Deciphering multi-organ protein regulatory strategies in the Asian frog, Pelophylax nigromaculatus during hibernation to elucidate energy homeostasis maintenance mechanisms

Hibernation is a low-energy consumption survival strategy adopted by organisms to cope with adverse environments such as low temperatures and food scarcity. This study used the Pelophylax nigromaculatus as the model organism, and for the first time comprehensively analyzed the proteomic and phosphoproteomic regulatory networks in its kidneys, liver, and lungs through DIA quantitative proteomics technology, revealing specialized organ protection mechanisms under the hypometabolic state of hibernation. The research found that the regulation of these proteins relates to glycolysis and glycogenolysis, enhanced intracellular substance transport, membrane repair and energy buffering, rapid degradation of glycation end products, mitigation of inflammatory responses, and maintenance of signal transduction and cellular morphology.
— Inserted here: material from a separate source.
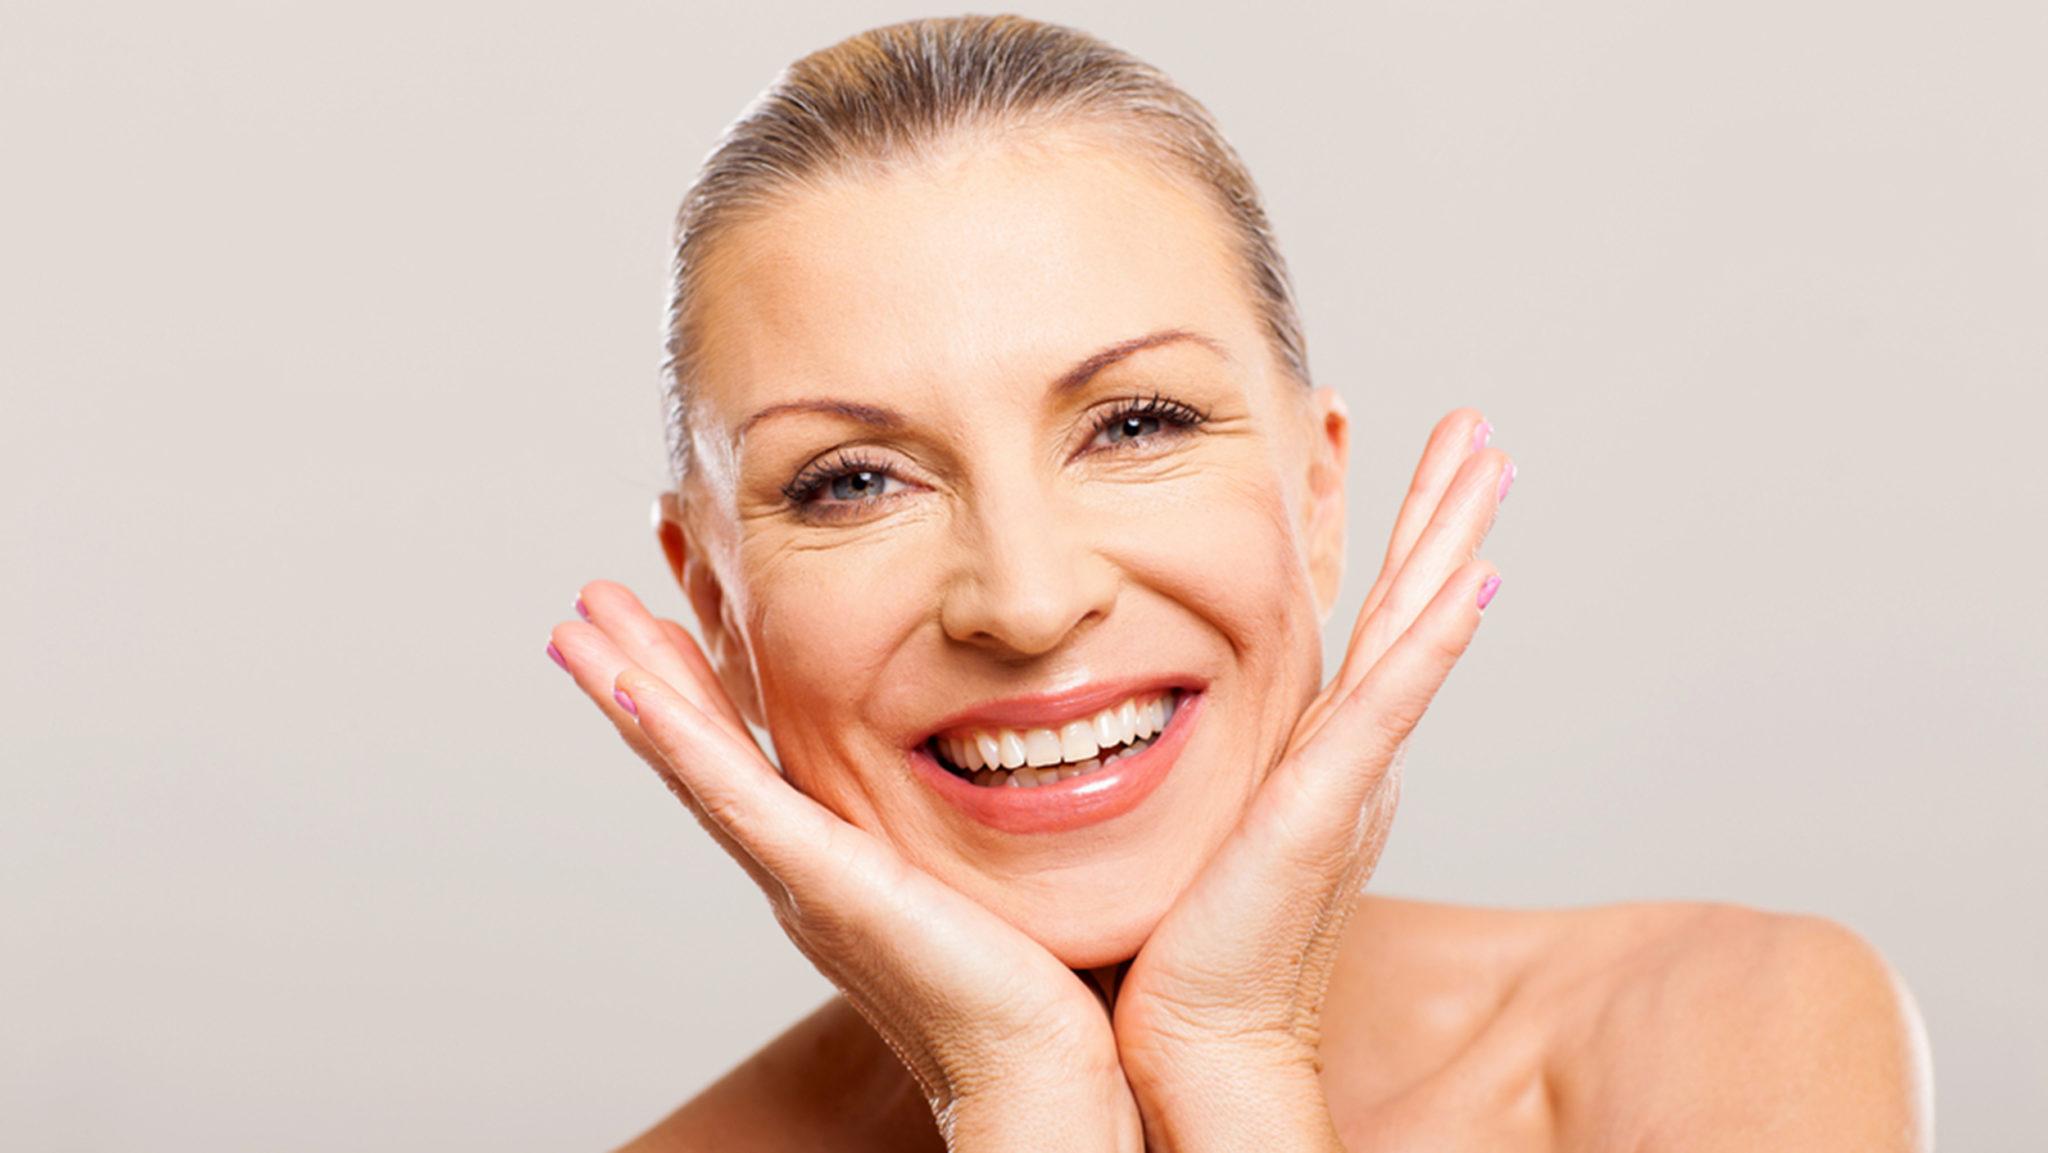 Гепариновая мазь в косметологии для лица - аптечное средство от морщин!

Using the glycogenolysis inhibitor CP-91149 to block glycogen breakdown, the study investigated frog hibernation status when glycogenolysis was inhibited to a certain extent, with results showing these frogs exhibited higher mortality during hibernation. This research not only provides substantial reliable data for elucidating the molecular mechanisms of amphibian hibernation but also establishes a foundational framework for understanding the molecular regulation of animal low-energy metabolism.